View Full Version : g-body/s10 ball joints

12-07-2008, 12:48 PM
well, i cant sleep lately. so ive been messing around on the internet. sometimes thats a good thing, sometimes its not. this is one of times where the jury is still out for me.

i found some references to circle track guys doing stock replacement sourced tall ball joints on their cars. with the S10 being the same as the g-body/metric chassis, this directly applies to me. the numbers they listed were a K6117 and a K3136.
i went to the AFCO site, as this was the cheapest manufacturer that listed tall ball joints by application. their cross reference for their tall G-body ball joint was to.... a K3136 (upper). this ball joint turns out to be sourced from an 82 chevy fullsize truck, 1/2 ton, 2wd. the K6117 (lower) is sourced from 71-76 b-body impala.

armed with this information, i went to the parts store to get some ball joints. i got the stock S10 ones, AFTER i confirmed that they used the exact same part number as a G-body or Metric chassis car. i also had them cross refernce the part numbers i found (which are moog by the way) to the autozoned equivalent. upper was a FA903, and the lower is a FA1014.

i brought all these home, broke out my somewhat accurate measuring tools (only go down to 1/32), my spare spindles and lower control arms, and strated playing on the workbench.

heres my measurments for each.

Lower, FA1014
overall height from mountng surface to top of taper: 3 in
Mount diameter: 2 in
Taper 10 degree
Diameter of threads: 3/4

Lower, stock
overall height from mountng surface to top of taper: 2 21/32
Mount diameter: 2 1/4 in
Taper 10 degree
Diameter of threads: 5/8

which, after reaming the slightly larger hole in the spindle should make the non standard ball joint about 1/4 inch taller.

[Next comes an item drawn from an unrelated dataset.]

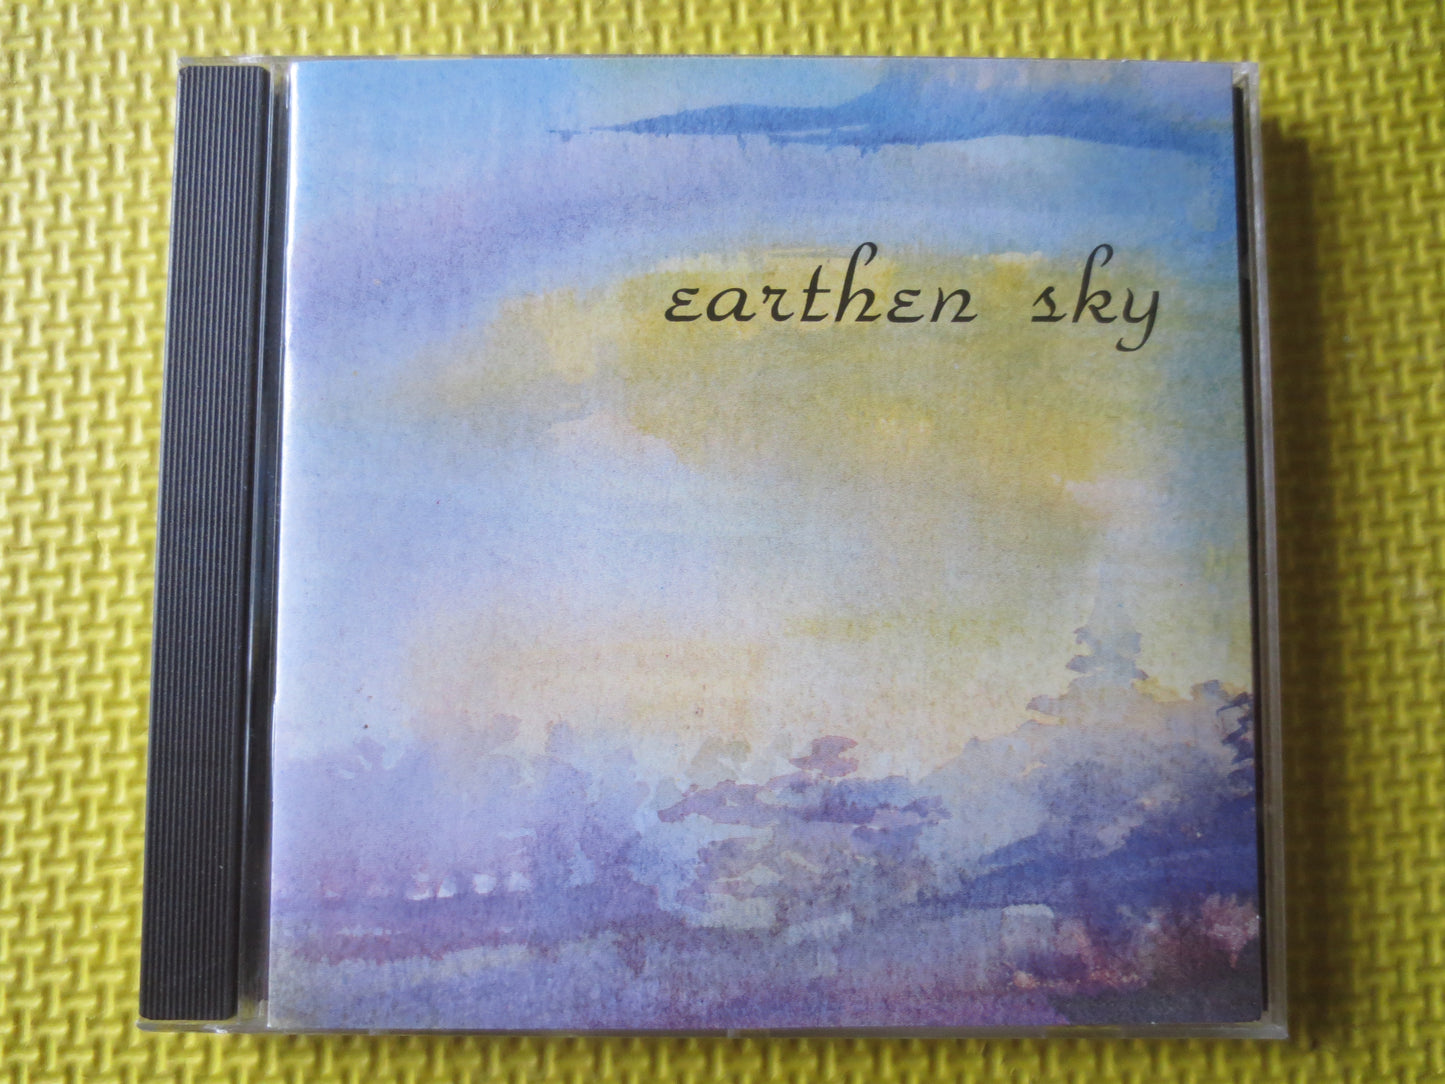 EARTHEN SKY,  Electronic Music Cd, Ambient Music Cd, Earthen Sky Lp, Earthen Sky Cd, Vintage Compact Disc, 1992 Compact Disc

the upper fit the spindle without issue, and install heights were:
stock: 1 3/8
FA903 1 29/32

making the non standard about 1/2 taller. the only issue is that the mounting flange is different. comparing it to the upper control arm on my truck, it appears that with minor wallering of the holes in the mounting point on the control arm, it should drop right in.

so, using the circle track suggested, non standard replacements would yeild me a 1/4 taller lower, and a 1/2 taller upper. 3/4 total taller effective spindle height. the howe ball joints provide a 1 inch taller effective spindle height.

the problems so far, and then the cost.
problem 1. the hole for the lower ball joint stud is too small, requireing a good reaming
problem 2. the mounting hole is too big, reqireing a bushing, or maybe a good bead from the welder.
problem 3. you have to enlarge the holes for the upper ball joint mount.

the cost so far:
20 ea for the ball joints. 80 total.
bushings are avalible from AFCO for about 20 a pair.
my machinist would charge around 50 bucks for the spindle reaming.
may still need shorter control arms. 110 a pair, UB machine (supposedly theyre working with me on making a set for this swap, but its been 3 months, and still nothing. im beginning to get irritated)

my way, with cntrol arms: 260.00
juslt lowers: 110

now that ive done that, ive begun to go a little stupid. i know the howes are 1/2 inch at either end, and they do all these wonderful things, but theyre 80 ea. so far minimum, were looking at 320.00, ball joints only. just lowers, 160. thats only 50 bucks for a lot of aggrevation on the bottoms. but with building the truck for the $2009 challenge, 50 is still 50 left for something else. but then again, all the great things ive heard about the ball joint swaps are also done with a lower ball joint thats another 1/4 taller. so...

anyway, im stumped. help me to make the decision. does the 1/4 make that much difference, or not? am i asking for trouble with doing it the way the circle track guys do, or is it street car safe?

thanks for any help you can throw my way.